WHAT YOU ARE ASKED TO DO | Without including any pictures, write out the listing below exactly.

RAW DATA |

------------------------------------------------------------------------

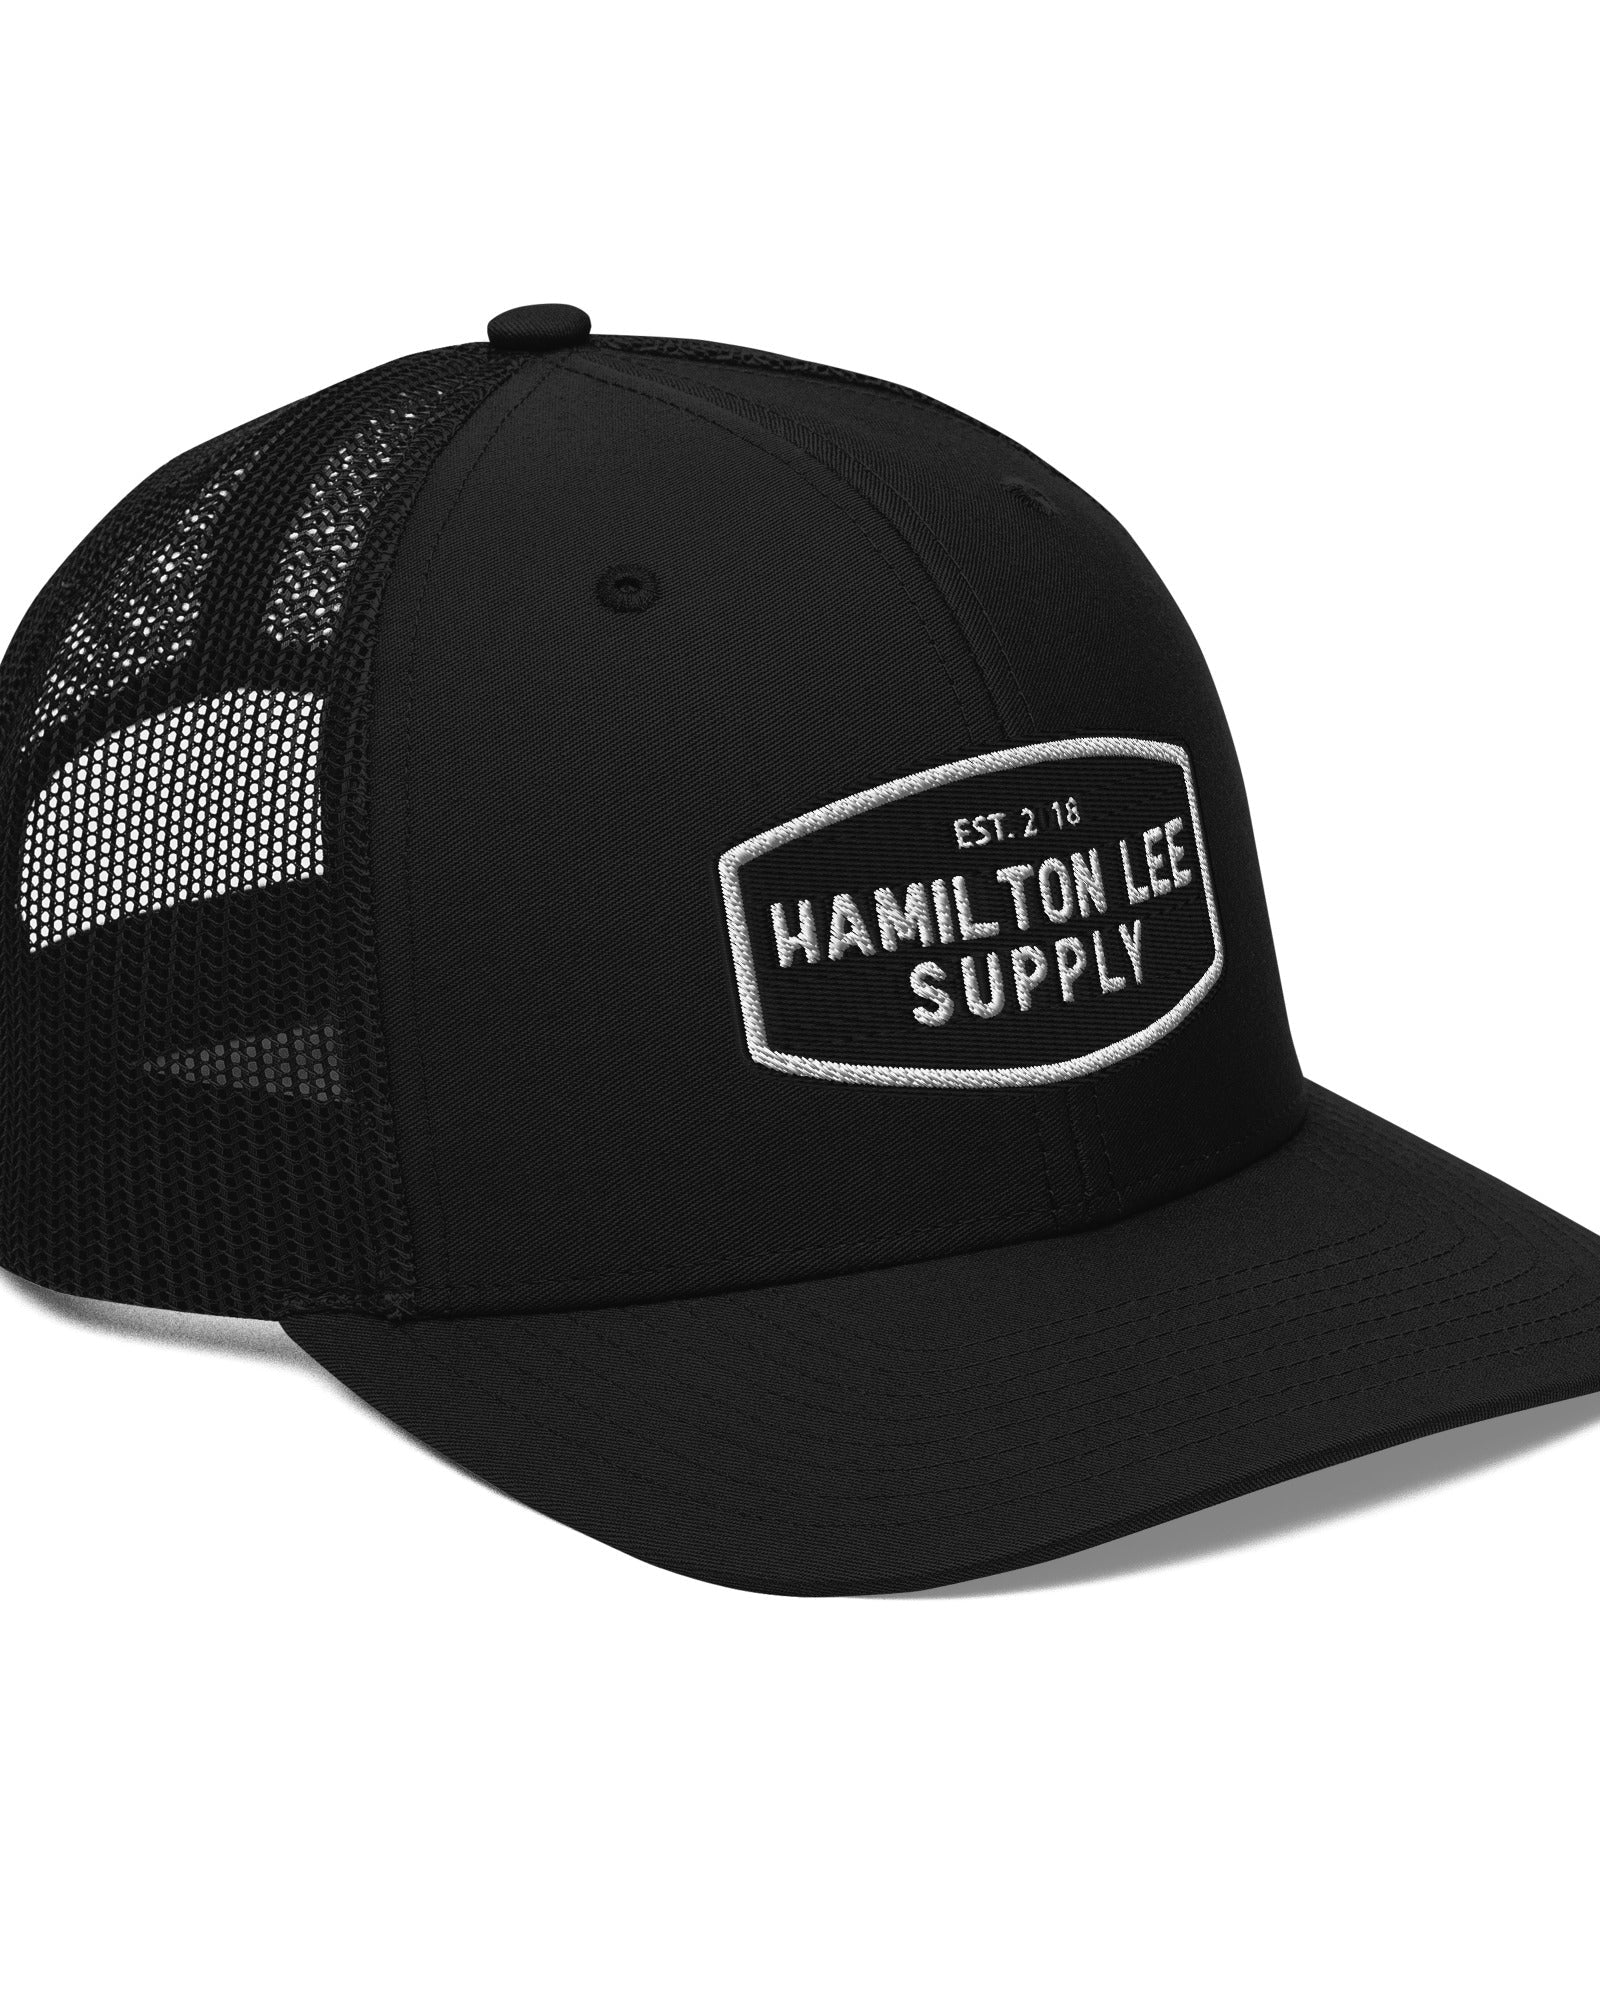 Hamilton Lee Supply | Trucker Cap | Trucker Hat | Hamilton Lee Supply
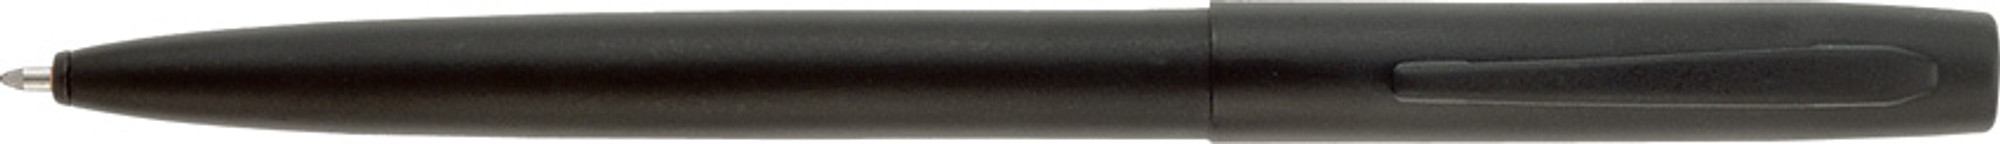 Fisher Space Pen M4 Cap-O-Matic Military Black Body w/Black Clip
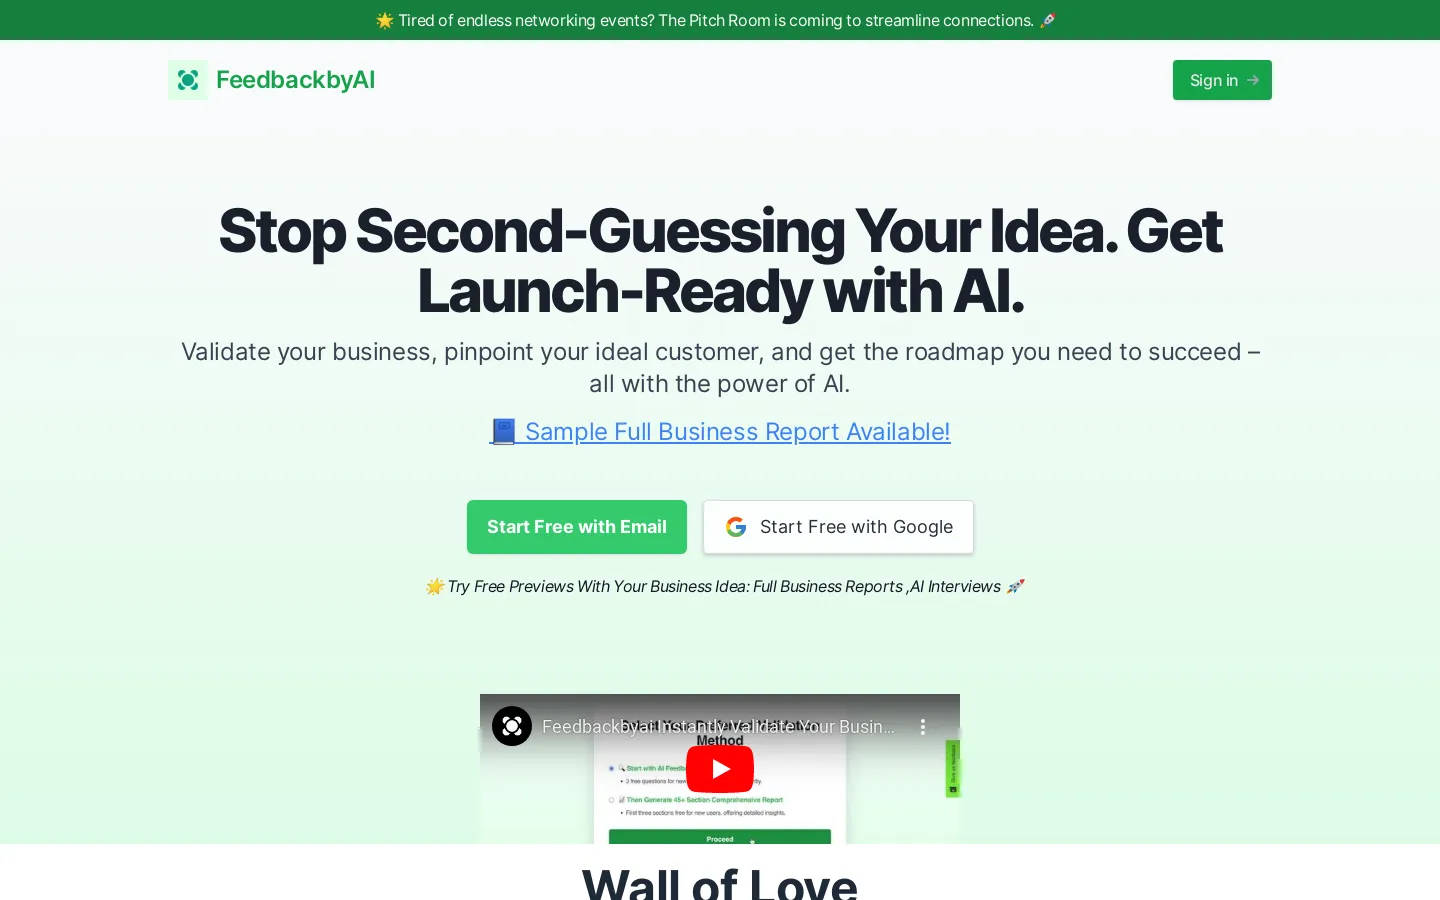 Feedbackbyai - Instantly Validate Your Business Idea using AI

------------------------------------------------------------------------

EXERCISE SOLUTION |
 Hamilton Lee Supply | Trucker Cap | Trucker Hat | Hamilton Lee Supply
 Fisher Space Pen M4 Cap-O-Matic Military Black Body w/Black Clip
 Feedbackbyai - Instantly Validate Your Business Idea using AI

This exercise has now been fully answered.